I have the water pressure backup system. My guess is that in a major rain event, if my primary failed, that water pressure system would be good enough to allow about an inch of water into my basement, as opposed to 2' of water. It's definitely not as high volume of a pump as the 120v Zoeller below it. Having said that, it is a better option for peace of mind than a battery backup, especially for situations like summer and spring break vacations when big rain events inevitably will occur. The entire thing cost me about $450 to have installed. We are on city water, so the only way it won't work is if we lose water pressure in town. At that point, it won't matter anyway because the basement will be a total claim regardless. 

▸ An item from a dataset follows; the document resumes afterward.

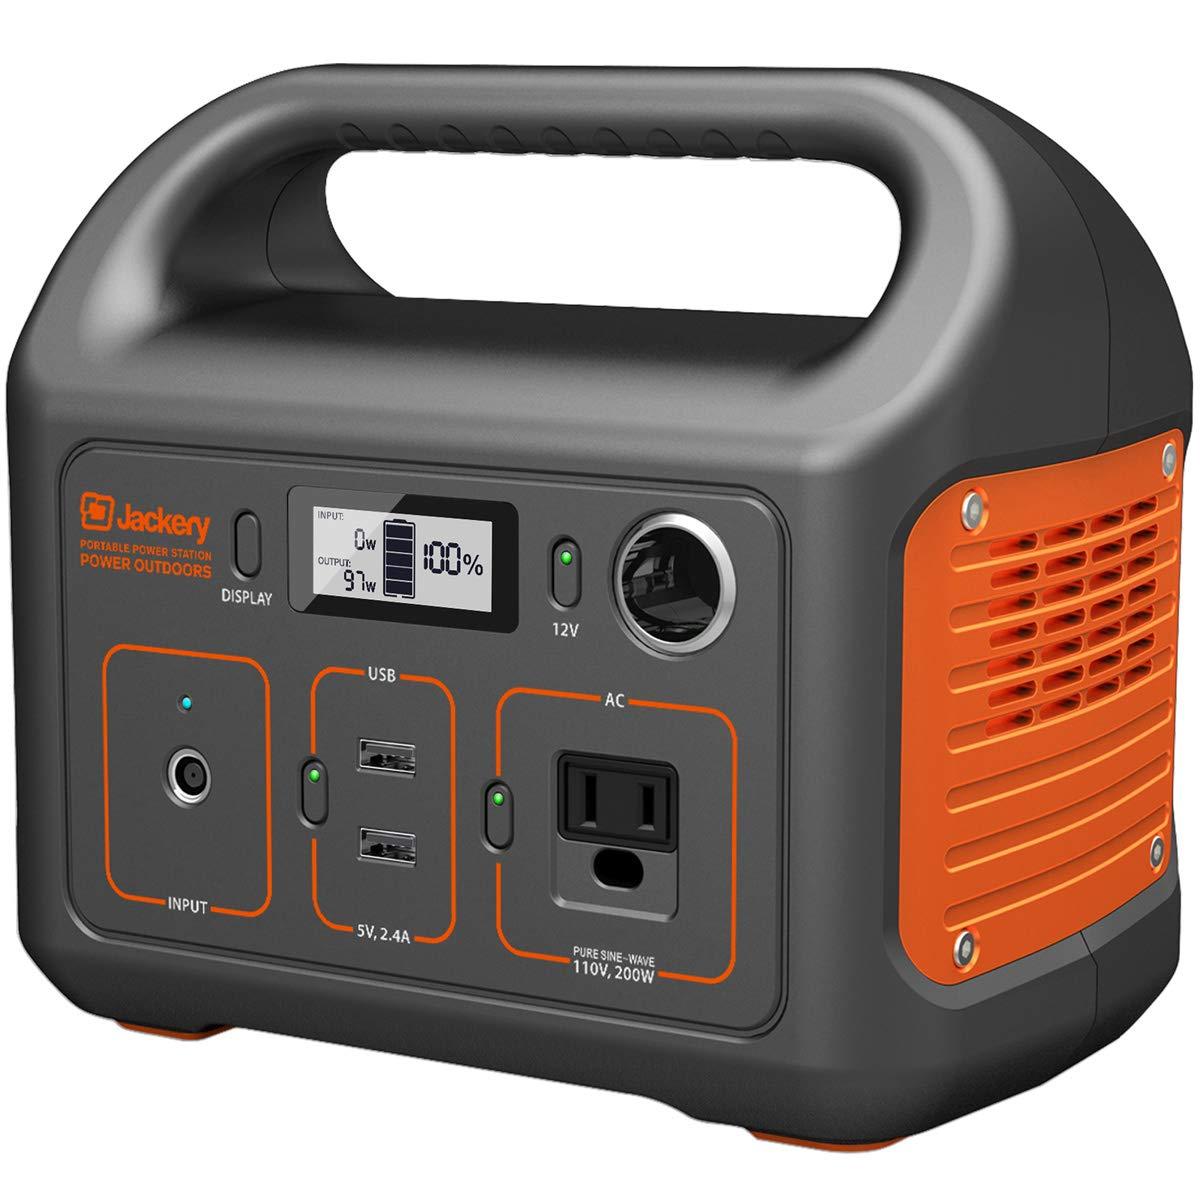 Jackery Portable Power Station Generator

Previous house I had a battery backup pump that would sound its alarm for the following reason:

1. low battery voltage
2. the backup pump engaged (even if only sporadically or only once)

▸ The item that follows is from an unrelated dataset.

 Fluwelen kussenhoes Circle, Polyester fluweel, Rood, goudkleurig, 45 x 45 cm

New battery was around $150 when I replaced it, but that backup pump saved my butt more than once when the primary couldn't keep up in 2013 when we had almost 6" of rain in February over a 2 day period. The alarm had to be manually re-set. I recall coming home from a week of salmon fishing to get out of the truck and walk to the back door, and heard the alarm coming from the crawl space. With one eye closed, I opened the foundation access to find a dry crawl space...but the alarm was going off. Re-set it, but I could tell that there had been significant rain as the "crock" (rubbermaid tub) was clean on all sides...which meant the water had been running high and fast through the perimeter tile at some point. 

I asked the wife....she said..."uh, yeah...about that alarm...did you shut it off because it's been beeping since Monday..."


----------



## RiparianRanger (Nov 18, 2015)

`


----------



## Hammerhead54 (Jun 16, 2012)

mine did that because the water was low in the battery


----------



## EnonEye (Apr 13, 2011)

Thanx for sharing Ranger... $350 not bad at all to have a pro install... those things are like VERY important, we had a couple inches in an hour here today, a nightmare if the sumps not working for sure


----------



## crappiedude (Mar 12, 2006)

I agree, thank for the follow up. It helps us all in the learning.
$350 isn't too bad especially since they did all the work. I think I paid close to $200 for my last pump and I had to do it all.


----------